WASHINGTON — Every 10 years we’re asked by the government to fill out a census. Those responses impact how 1.5 trillion dollars of funding are dispersed into communities across the US through education programs, healthcare and infrastructure. But that money can’t be distributed accurately if people don’t respond.
What is the government doing to make sure that everyone fills out the census this year?
They’re getting creative and using videos.
An organization called Census Counts teamed up with community-based organizations across a wide spectrum of advocacy groups like immigrants, LGBTQ+, homelessness, health care, and more. Together they found story-tellers to narrate videos about their lives and how their communities can be helped through census funding.
Through those stories, called Stories for Change, Census Counts hopes other people under-represented on the census will see themselves and help them better understand why filling out their census counts.
Beth Lynk is the Campaign Director for Census Counts.
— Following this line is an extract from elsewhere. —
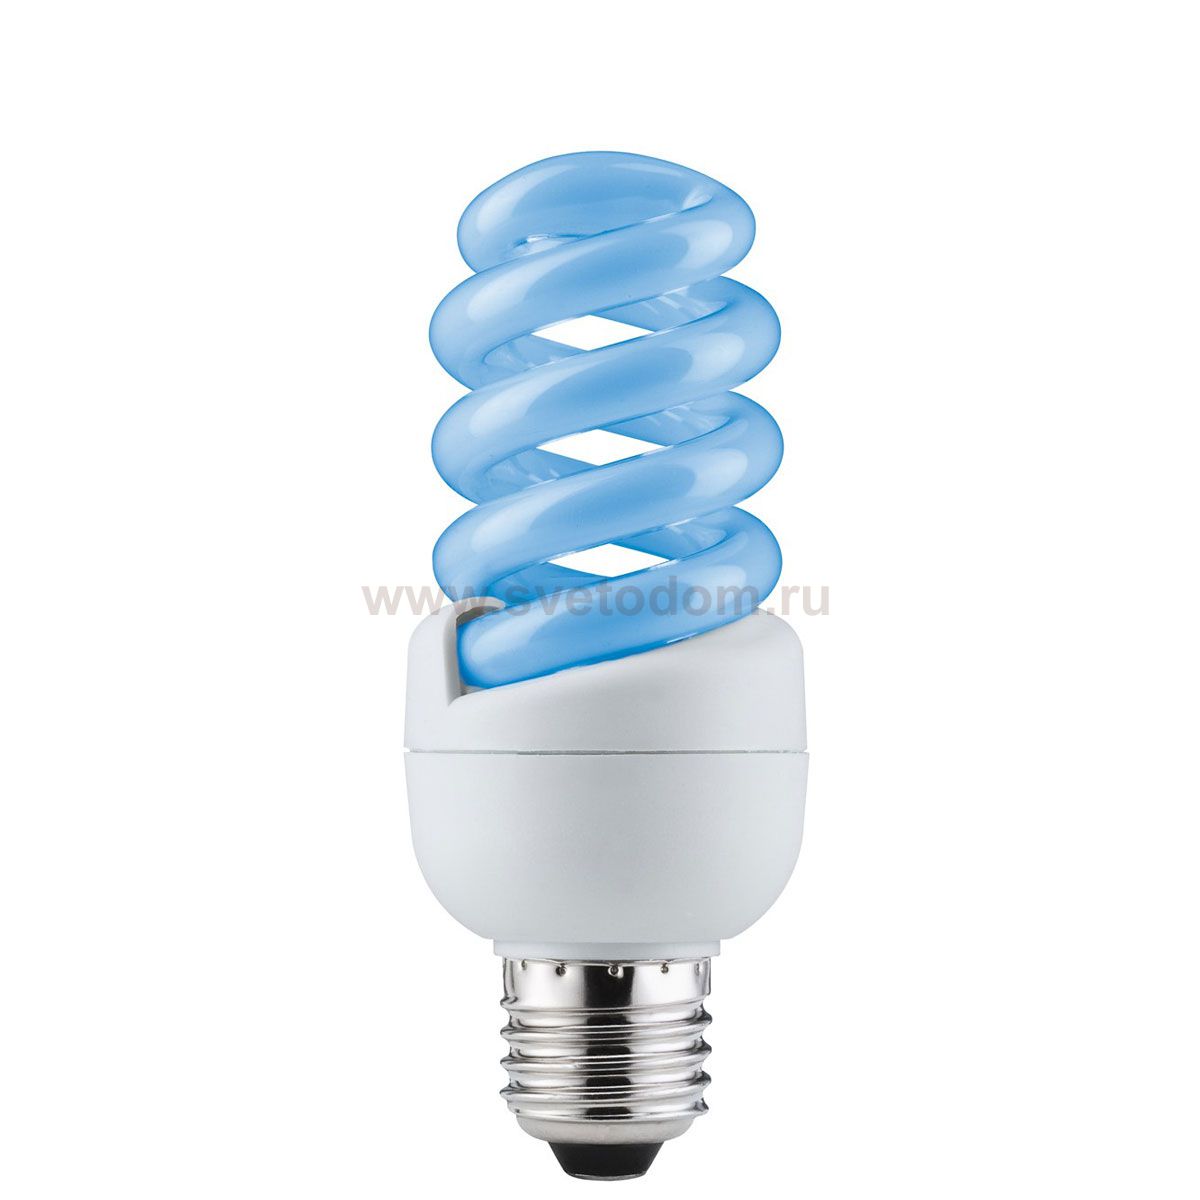 Экономичные лампы. Лампа энергосберегающая е27. Лампа накаливания Paulmann 25063, e27, r80, 60вт. Вес энергосберегающей лампы е27. Лампа е27 энергосберегающая синяя.

"We know that when communities, see themselves in the census and see the resources, political power that the census will bring to their communities and their lives through the power of storytelling, then they will get counted," Lynk said.
Mexican-American home care worker Patty Bedoya is one of the Stories for Change story-tellers.
"A lot of people were like, afraid. Afraid because, you know, they think immigration is going to come for them," Bedoya said. "So it was important for me to make that video."
Bedoya’s video not only highlights the story of her hardworking undocumented father that struggled to provide a better life for her but also her struggle as a home care provider to get funding for healthcare workers -- funding that could be increased as a result of the census.
"When the government didn’t recognize home care workers as front liners, my brothers and sisters in the union fought for personal protective equipment (PPE) and our safety," says Bedoya in her Stories for Change video.
The goal of the campaign is that through the story-tellers’ messages, other members of under-represented communities will see a bit of themselves in those stories and understand why it’s important to be counted in the census.
"Like protests, the census is a critical avenue for us to demonstrate strength in numbers," Bedoya said in her Stories for Change video.
Let’s talk about those numbers.
According to Lynk, the census sends $1.5 trillion dollars of funding into communities across the US. That money is distributed through education programs, healthcare and infrastructure.
The census also determines how many seats in congress are assigned to each state and how district lines are drawn -- which can also impact the dispersal of resources.
But she says what many people don’t realize is how much the census can impact their individual life.
"Our hope is that these videos, that the Stories for Change series and resources that are available to communities are a tool for change now," Lynk said. "Something that certainly encourages communities to get counted, but also a reminder of the power of data the opportunity to use."